AVAILABLE DATA:
BEGIN

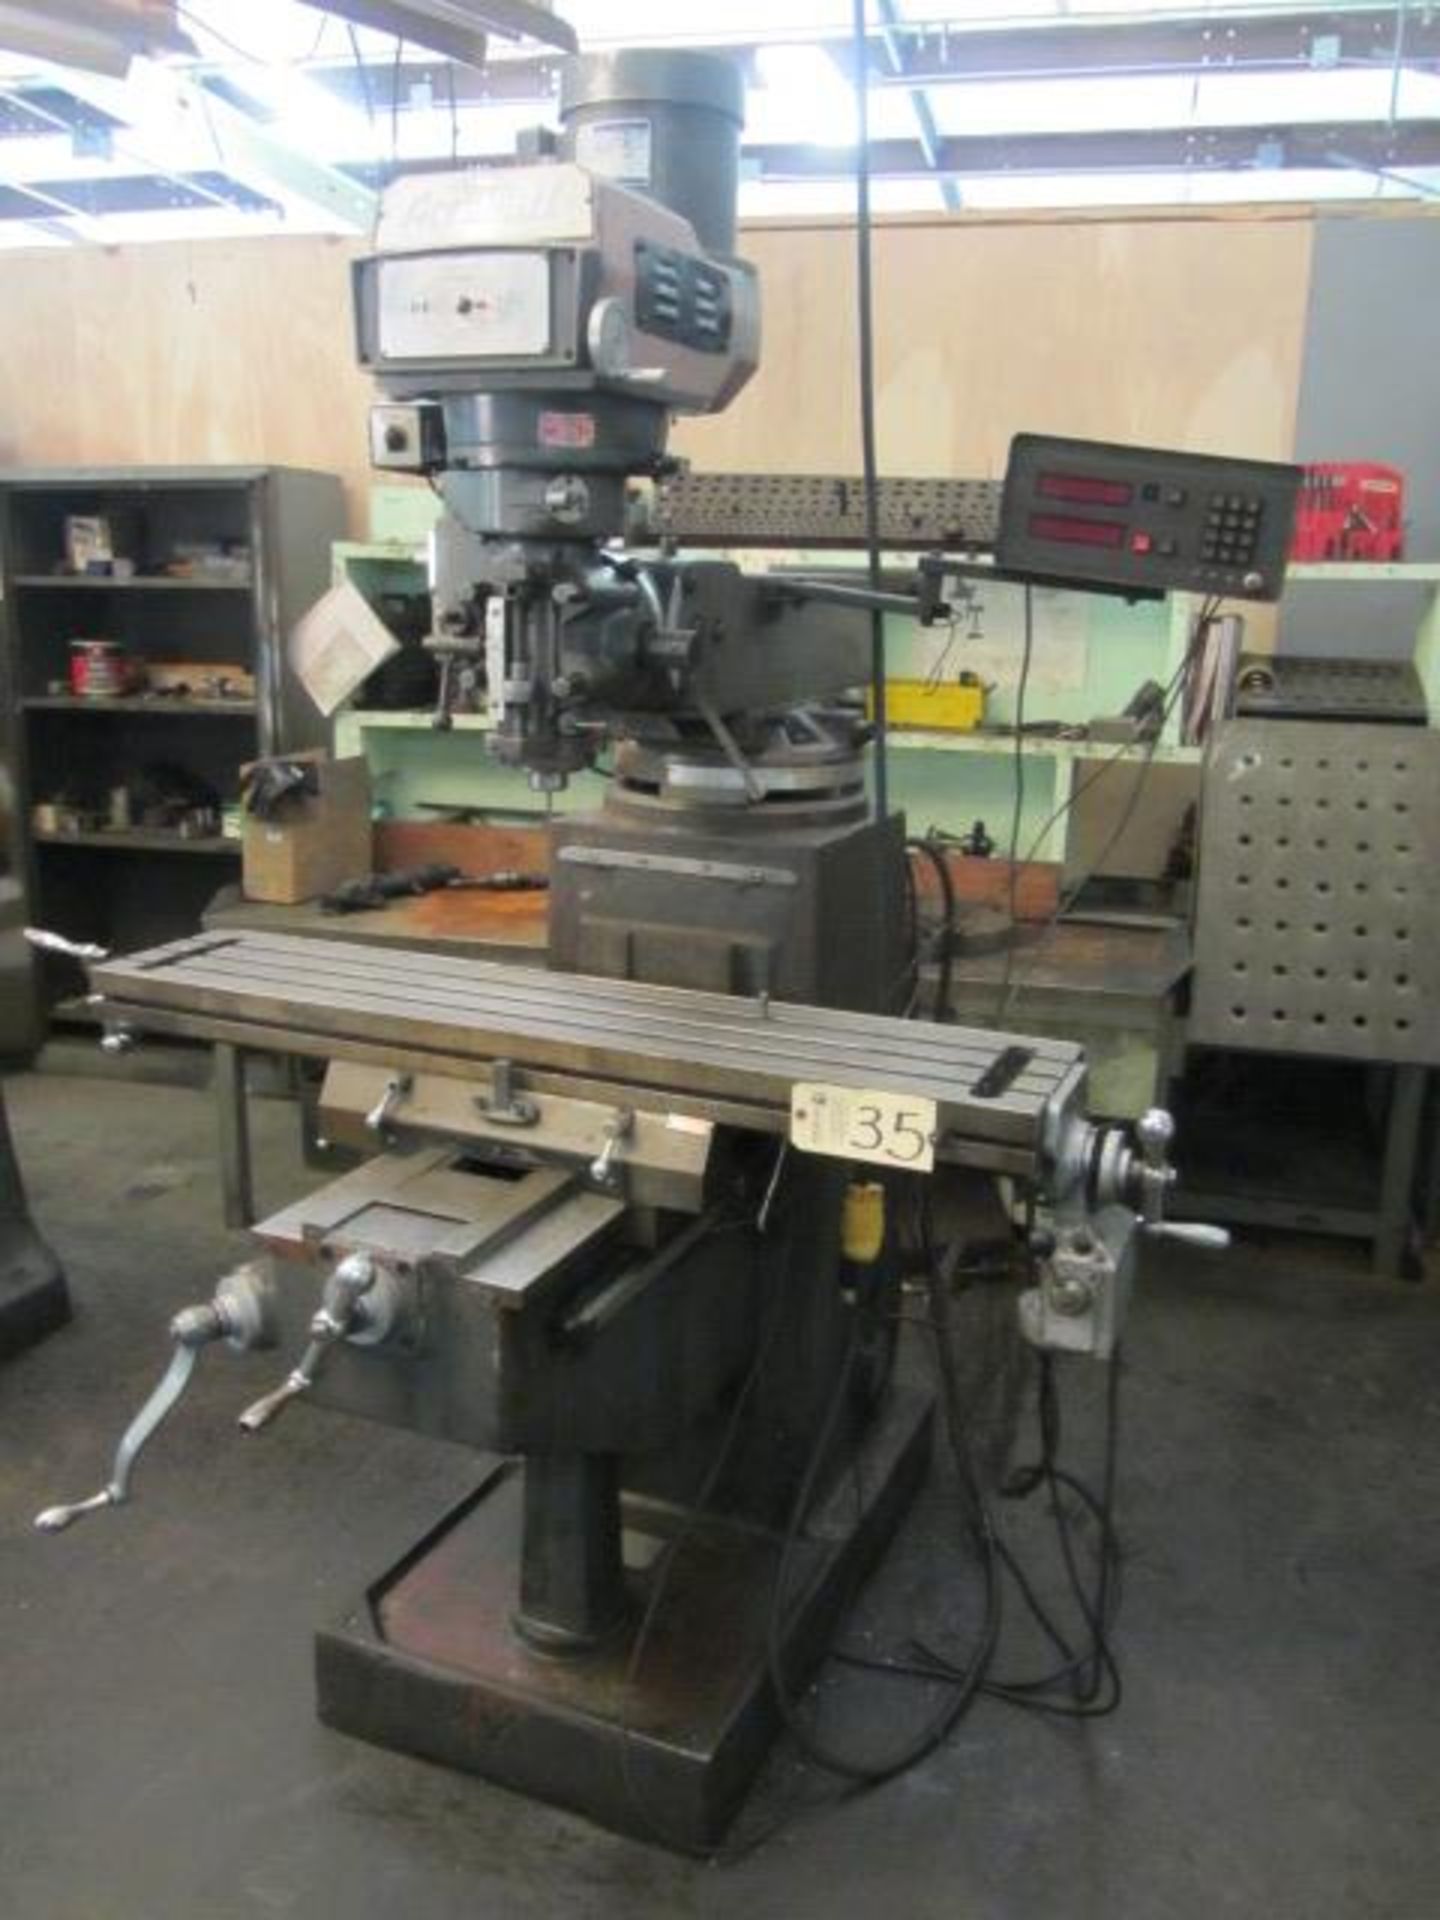 Acra Variable Speed Vertical Milling Machine with 10'' x 50'' Table, R-8 Variable Spindle Speeds - Bild 2 aus 6
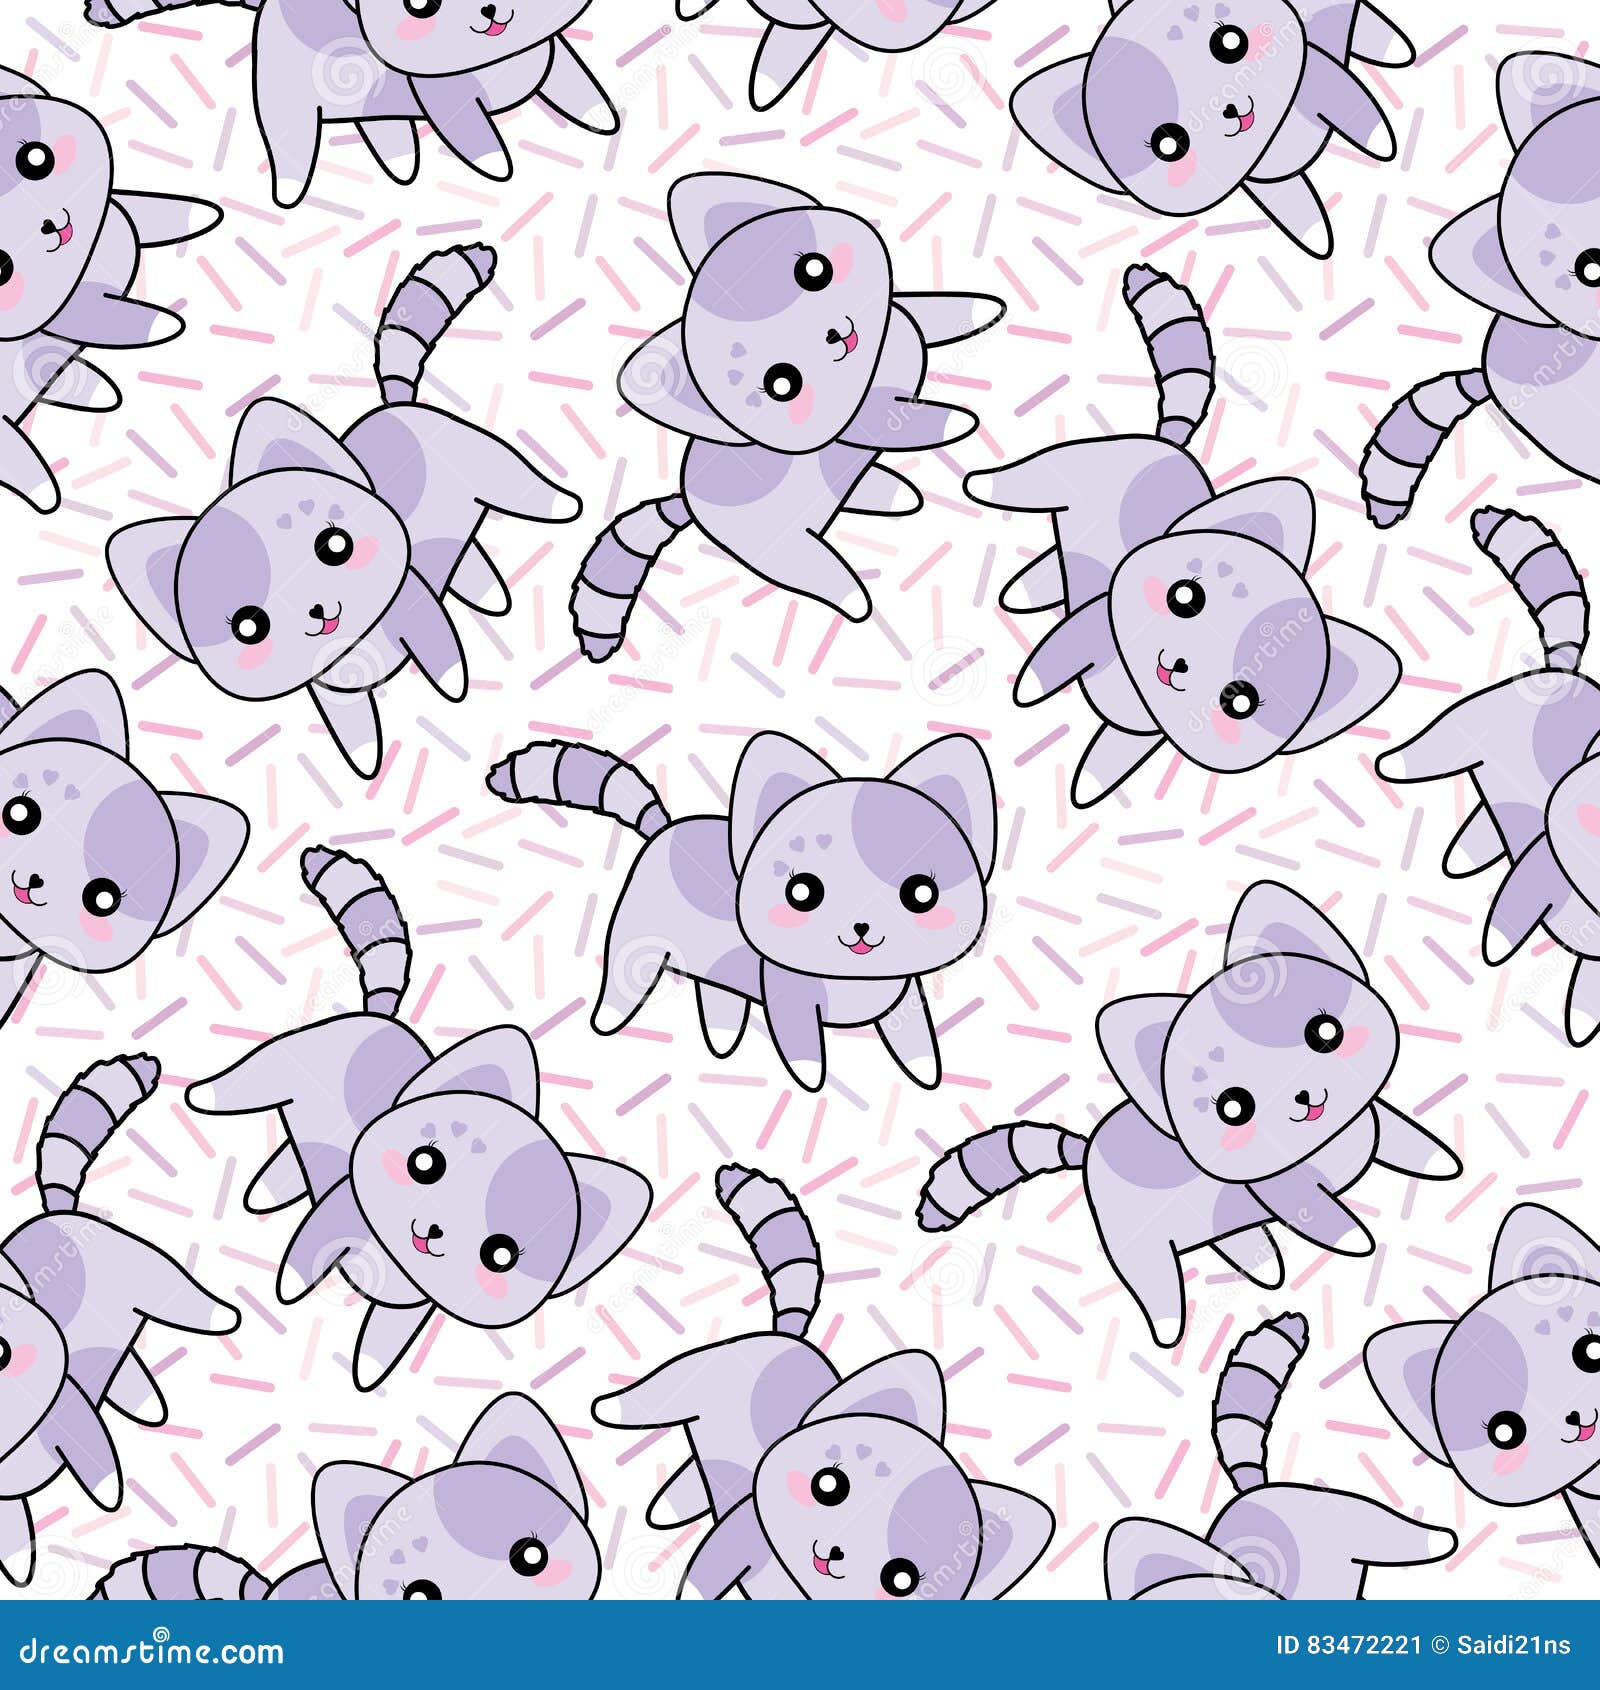 Seamless Background of Animal Illustration with Cute Purple Cats on ...
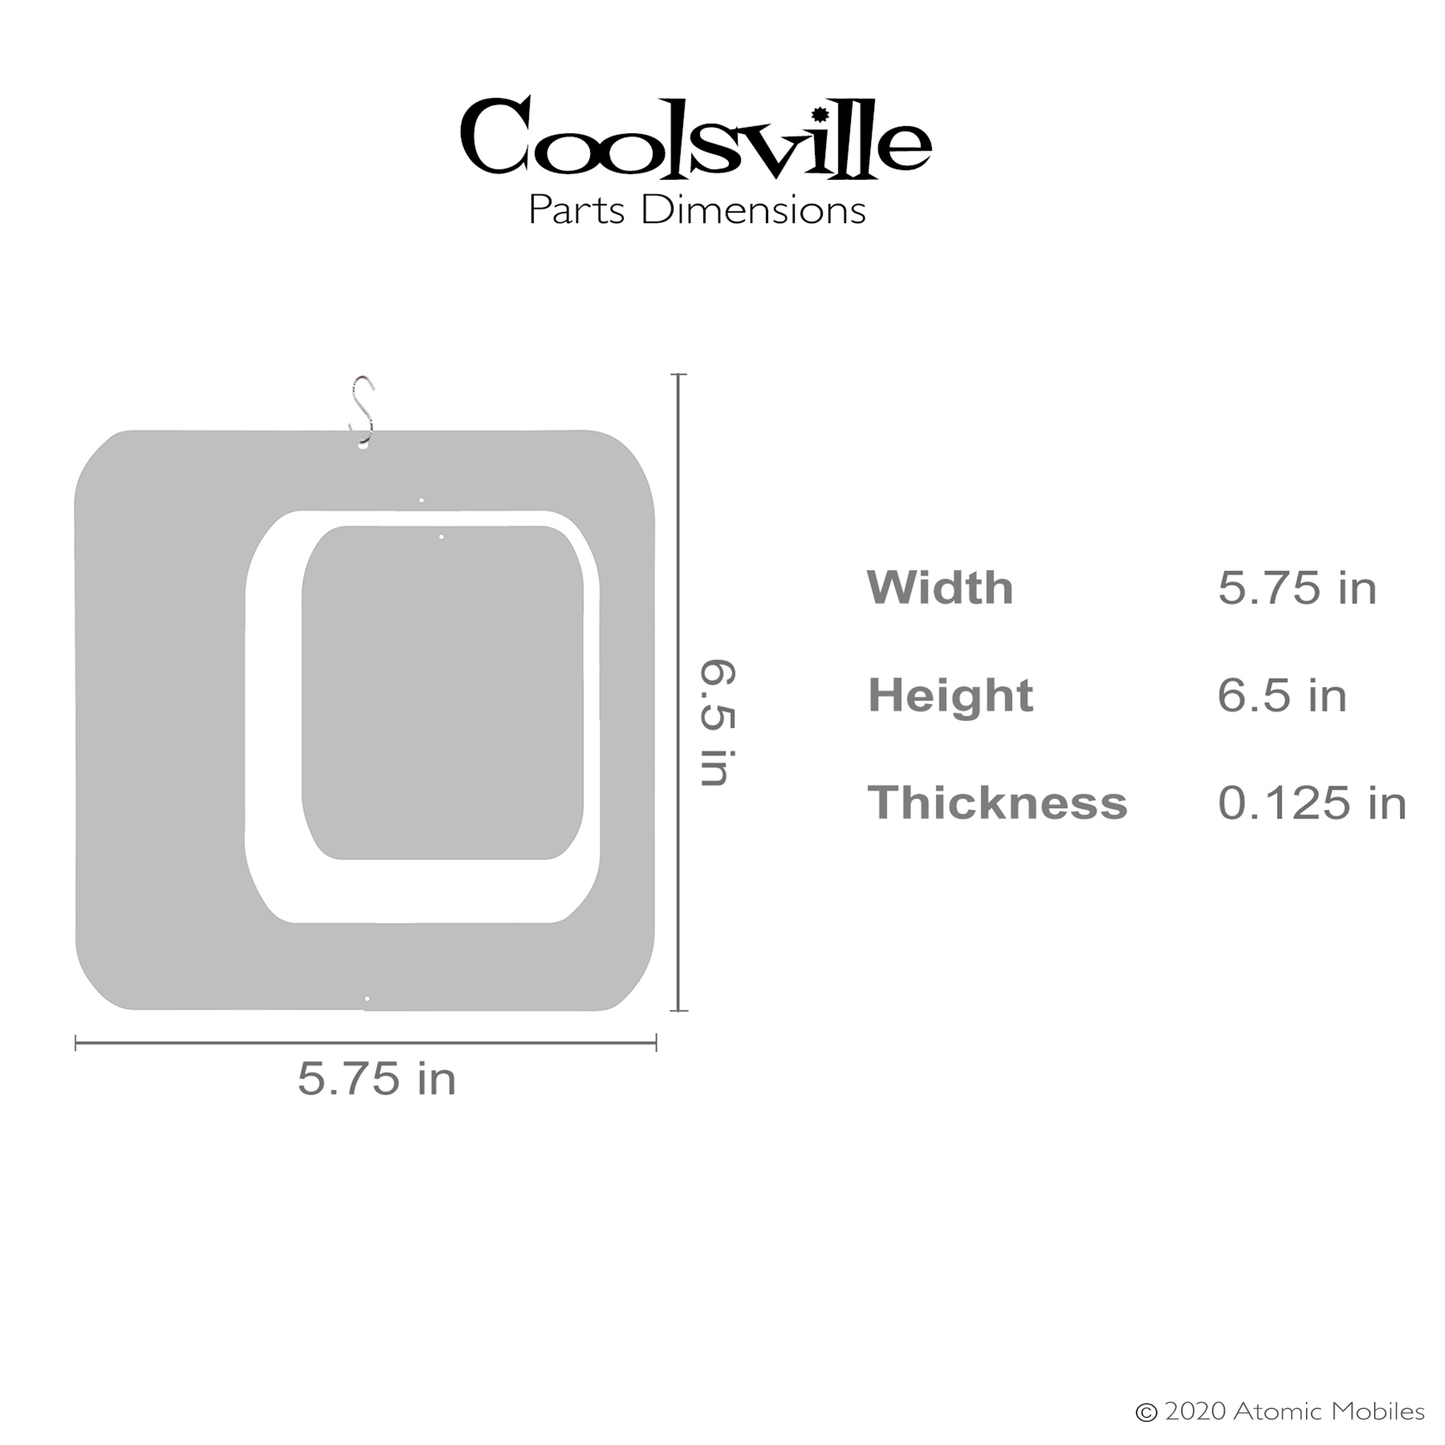 Dimentions of Coolsville DIY Kit to make LGBTQ+ Unity Wall Art, Mobile, Curtain, or Room Divider by AtomicMobiles.com

END

The data must come back word for word, with every picture removed.

 Acra Variable Speed Vertical Milling Machine with 10'' x 50'' Table, R-8 Variable Spindle Speeds - Bild 2 aus 6
 Seamless Background of Animal Illustration with Cute Purple Cats on ...
 Dimentions of Coolsville DIY Kit to make LGBTQ+ Unity Wall Art, Mobile, Curtain, or Room Divider by AtomicMobiles.com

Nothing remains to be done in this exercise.